05 February 2021

I lost a lot – 5 February 2021

 

The Buddha was asked at the end of his life, ‘What did you get out of meditation?’  He said, ‘Nothing… but I lost a lot.’  In Christian understanding this is called kenosis, a biblical Greek word which means emptying.  Fr Richard Rohr says that all great spirituality is about letting go.  That is for most of us, in one way or another, perhaps in many ways, the hump to get over.  I lost a lot  I lost my safe comfort zone, my bolt hole, my need for certainty…  It meant learning to love without possessiveness.  I found I was losing my fear of life, and of death…  I lost my need to label and categorise, to have black and white, good and bad, small and great, biblical and unbiblical, christian and unchristian…

These are major shifts in life.  They may be quite subtly done, but sometimes painfully, sometimes abruptly.  One real grace is looking back and finding that the change happened, or started, before I realised.  These are the changes from having, keeping, possessing, controlling, accumulating… to letting go, what Jesus called leaving self behind, becoming sensitive to falsity and show, including my own, reliance on appearance… shedding the need for all that.  Discovering instead what Thomas Merton called my new freedom.  It is the fruit of contemplative life and prayer.  The ego retreats, back towards where it belongs, where God intends it usefully to be.  In common idiom, we stop taking ourselves so seriously.   It is not that the ego is bad, simply that it is demoted, it is no longer determining life and decisions.

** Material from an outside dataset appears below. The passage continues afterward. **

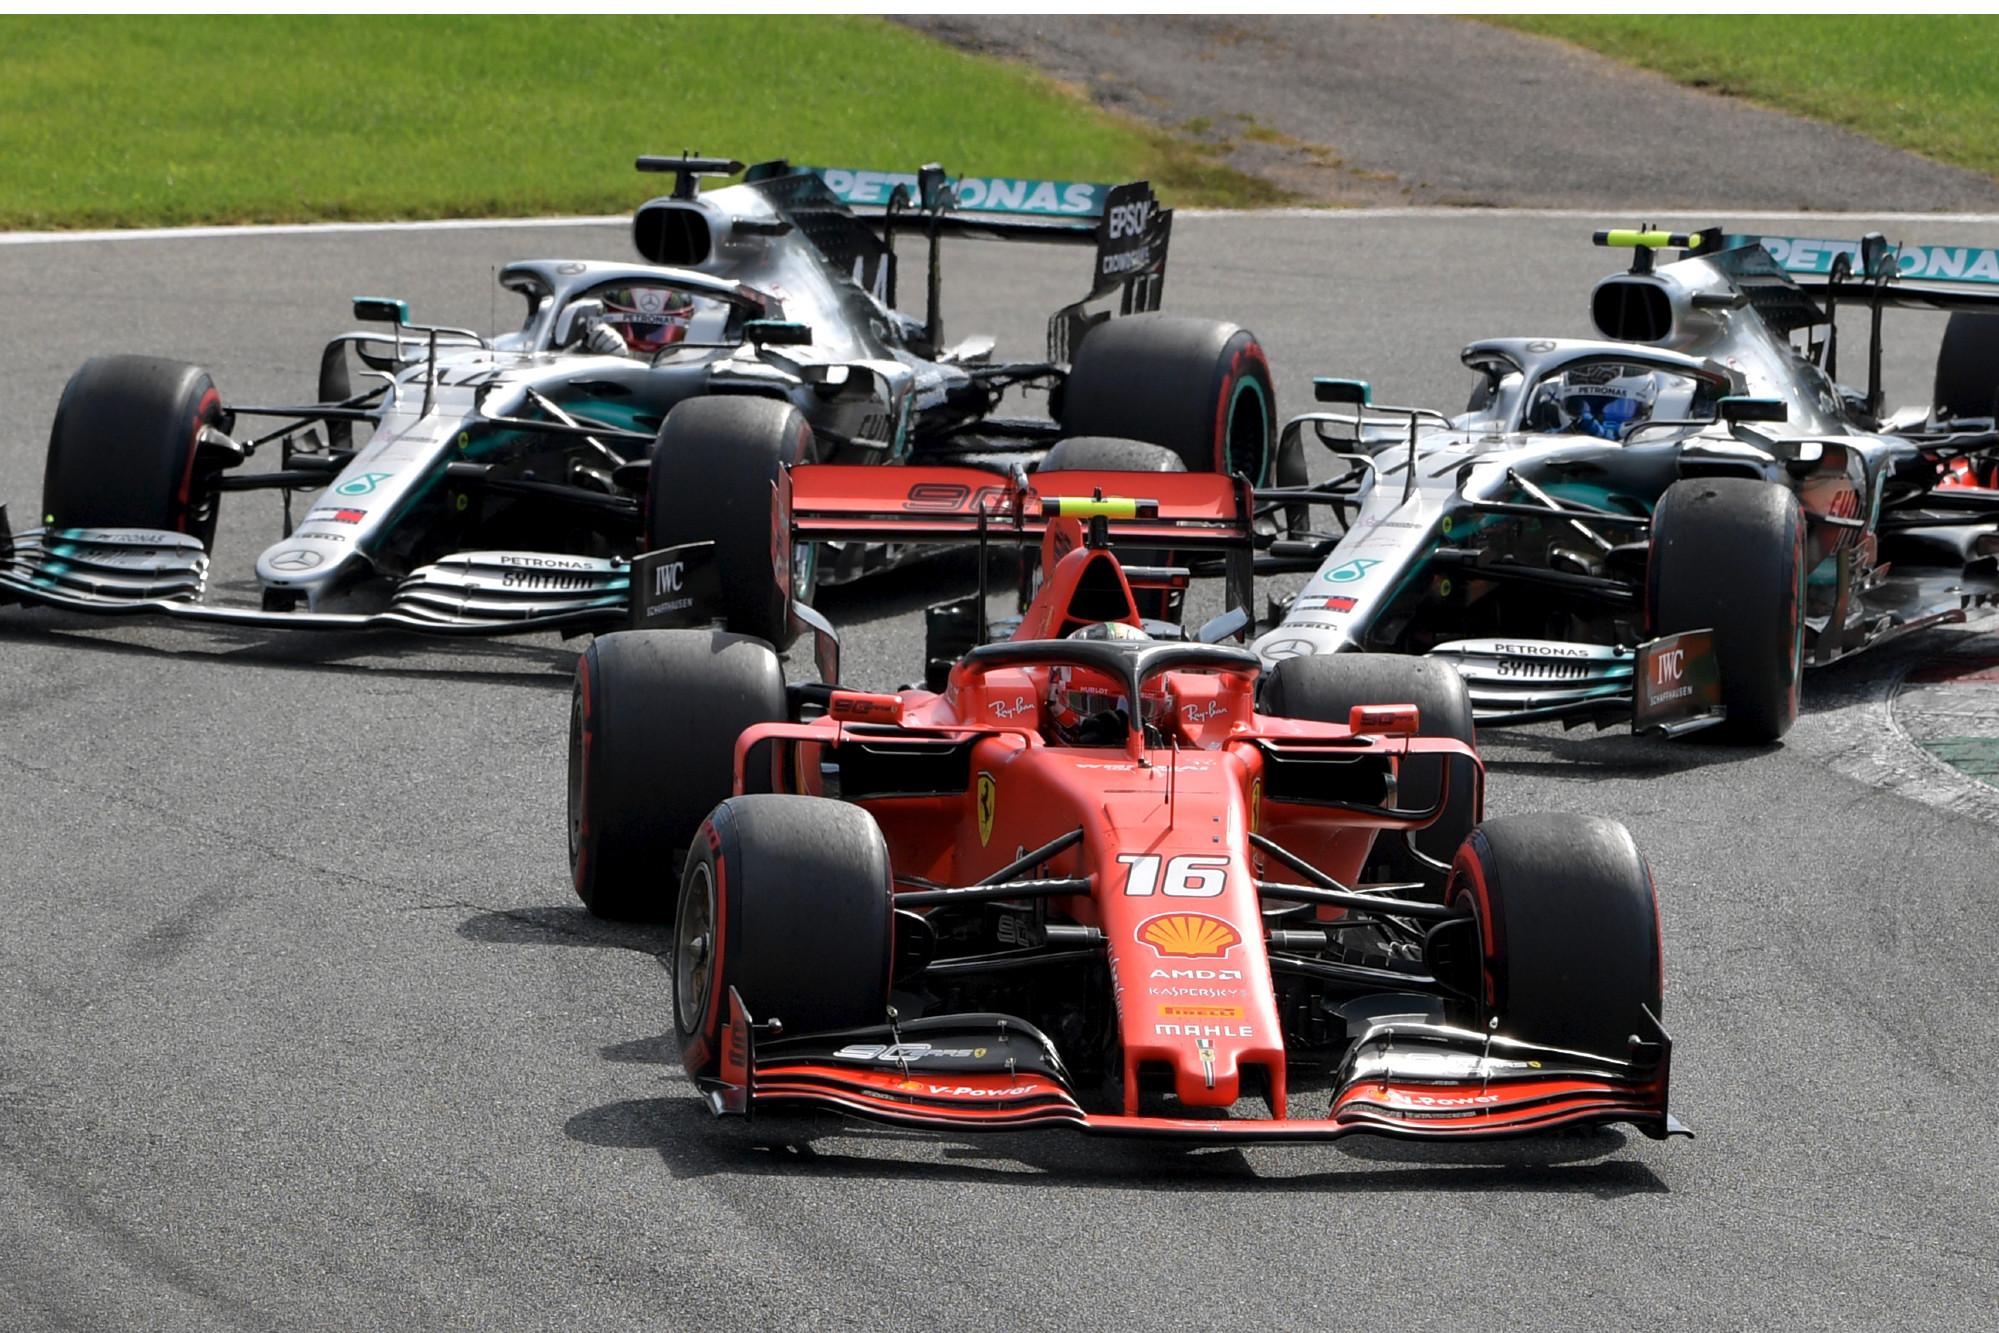 Charles Leclerc, 2019 Italian GP

I lost a lot, said the Buddha… He means he lost the imperial “I”, the first person singular pronoun, the “I” which means me.  I lost my need always to be right, to be well thought of (although of course that is nice, and to be badly thought of is not nice), I lost my need for my opinion to prevail, my need to see anyone punished, get what I think they deserve.  I lost any vestiges in me of narcissism (a word scarcely known before the Trump era), needing to be the centre of my universe, or of the charmed circle of family or tribe, right or wrong.  I shed any lingering need to be one of the right-thinking people, because the things I really needed to know were found elsewhere, among people who had made mistakes and endured suffering and setback… among people who have found how to listen.

When the Buddha said, I lost a lot, I wonder, did he sometimes wistfully want any of that stuff back?  I hardly think so.  In our western, Kiwi way of life we may find it comes as a deep draught of free air to find and enjoy the meaningful simplicity that Jesus prescribes, to know it becoming possible in practice, and to be applying it gently and sensitively to the lives we lead and the decisions we make, and the opinions we hold, day by day.  It is, as we repeatedly say, the fruit of a gentle, sensible discipline of stillness and silence, contemplative life and prayer, and our innermost Yes to God.